Four algorithms—PALLAS [10], MARVIN [9], ACD/pK _a [5] and SPARC [17]—were applied to the datasets in order to predict pK _a values, and their performances in statistical accuracy tests were compared. As expected, the calculated values of pK _a,pred agreed well with the experimental values of pK _a,exp.

Fitted residual evaluation can be an efficient tool to use when building and testing a regression model. The predictive power of each prediction algorithm was evaluated by comparison with experimental data taken from the literature. Altogether, 64 drugs and other organic molecules with complex and diverse structural patterns were used as an external and realistic test set. The quality of the prediction models used by the algorithm was measured using six main statistical parameters, F _exp, R ², \(R^{2}_{{\text{P}}} \), MEP, AIC, and s(e) in pK _a units. The results are presented in Table 2.

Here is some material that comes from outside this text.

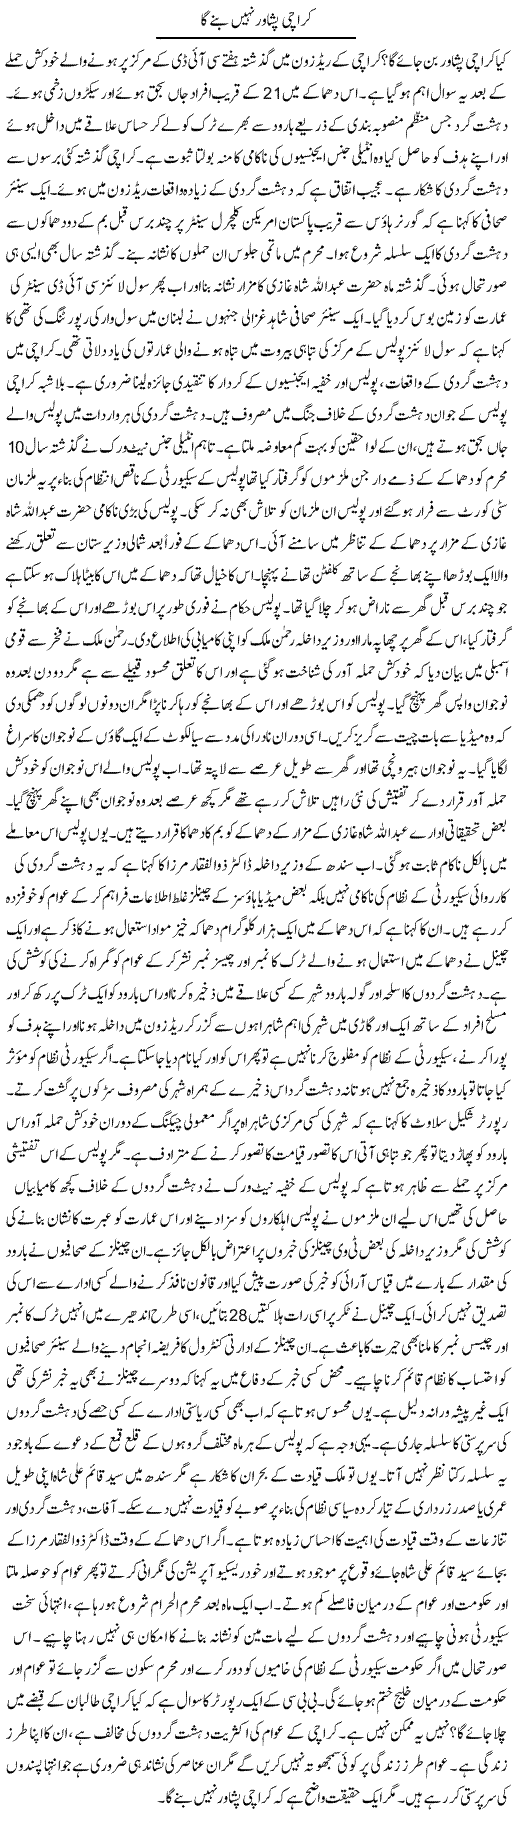 Karachi and Peshawar Express Column Tauseef Ahmed 20 November 2010

Table 2 Accuracies of the predicted pK _a values calculated using the four algorithms PALLAS, MARVIN, ACD and SPARC (evaluated using the REGDIA program)

Full size table

Analysis of dataset a

The correlations between the values of pK _a calculated by each of the four algorithms used and the experimental pK _a values with outliers are shown in Table 2. Figure 1a–d illustrate preliminary analyses of the goodness-of-fit for each model, while Fig. 1e–h show the Williams graphs used to identify and remove outliers. In addition to these graphical analyses, the regression diagnostics for the fitness tests shown in Table 2 show the quality of pK _a prediction: the highest values of R ² and \(R^{2}_{{\text{P}}} \) in Fig. 4, the lowest values of MEP and s(e), and the most negative value of AIC in Fig. 5 and Table 2 all show that the ACD/pK _a algorithm used for pK _a prediction offers the best predictive power and the most accurate results.

Proposed regression model

The predicted vs. experimentally observed pK _a values for the dataset examined are plotted in Fig. 1a–d, while the numerical results are shown in Table 2. The data points are distributed evenly around the diagonal in the figures, implying consistent error behavior for the residual value. The slope and the intercept of the linear regression are optimal; the slope estimates for the four algorithms used are β ₁(s ₁)=0.95 (0.06, R), 0.90(0.04, R), 1.06 (0.03, R), 1.10 (0.11, R), where A or R mean that the tested null hypothesis H₀: β ₀ = 0 vs. H_A: β ₀ ≠ 0 and H₀: β ₁ = 1 vs. H_A: β ₁ ≠ 1 was Accepted or Rejected; the standard deviation of the estimated parameter is given in parentheses. Upon removing the outliers from the dataset, these estimates improve to 0.96 (0.05, R), 0.86 (0.03, R), 1.04 (0.02, R), 1.12 (0.06, R). The estimated intercepts are β ₀(s ₀)=0.46 (0.49, A), 0.78 (0.32, R), −0.50 (0.23, R), −0.93 (0.89, A), and after removing outliers from the dataset they are 0.28(0.45, A), 1.07(0.24, R), −0.35(0.20, A), −1.24(0.44, R). Here A or R mean that the tested null hypothesis H₀: β ₀ = 0 vs. H_A: β ₀ ≠ 0 and H₀: β ₁ = 1 vs. H_A: β ₁ ≠ 1 was Accepted or Rejected. The slope is almost equal to one for all four algorithms, and the intercept is almost equal to zero for all four algorithms. The Fisher–Snedecor F-test of overall regression for the four prediction algorithms in Fig. 4 yields calculated significance levels of P = 9.58 × 10⁻¹², 2.15 × 10⁻¹⁵, 2.75 × 10⁻¹⁹, 4.58 × 10⁻⁹, and after removing the outliers from the dataset these significance levels changed to P = 1.57 × 10⁻¹¹, 1.87 × 10⁻¹⁵, 1.08 × 10⁻¹⁸, 8.09 × 10⁻¹³, meaning that all four algorithms proposed significant regression models. The highest F-test value was obtained using the ACD/pK _a algorithm, which therefore gave the best prediction of pK _a,pred.

Correlation

The quality of the regression models yielded by the four algorithms was measured using the two statistical characteristics of correlation shown in Fig. 4 and Table 2; i.e., R ² = 92.83%, 96.58%, 98.67%, 84.26% and R ² = 95.52%, 98.23%, 99.07%, 96.23% before and after removing the outliers from the dataset, respectively, while the predicted determination coefficient \(R^{2}_{{\text{P}}} \) = 80.28%, 91.19%, 96.57%, 66.57% and \(R^{2}_{{\text{P}}} \) = 89.33%, 95.07%, 97.25%, 91.13% before and after removing the outliers from the dataset, respectively. R ² is high for all four algorithms and this indicates that they are all able to interpolate within the range of pK _a values associated with the examined dataset. The highest values of R ² and \(R^{2}_{{\text{P}}} \) are exhibited by the ACD/pK _a algorithm.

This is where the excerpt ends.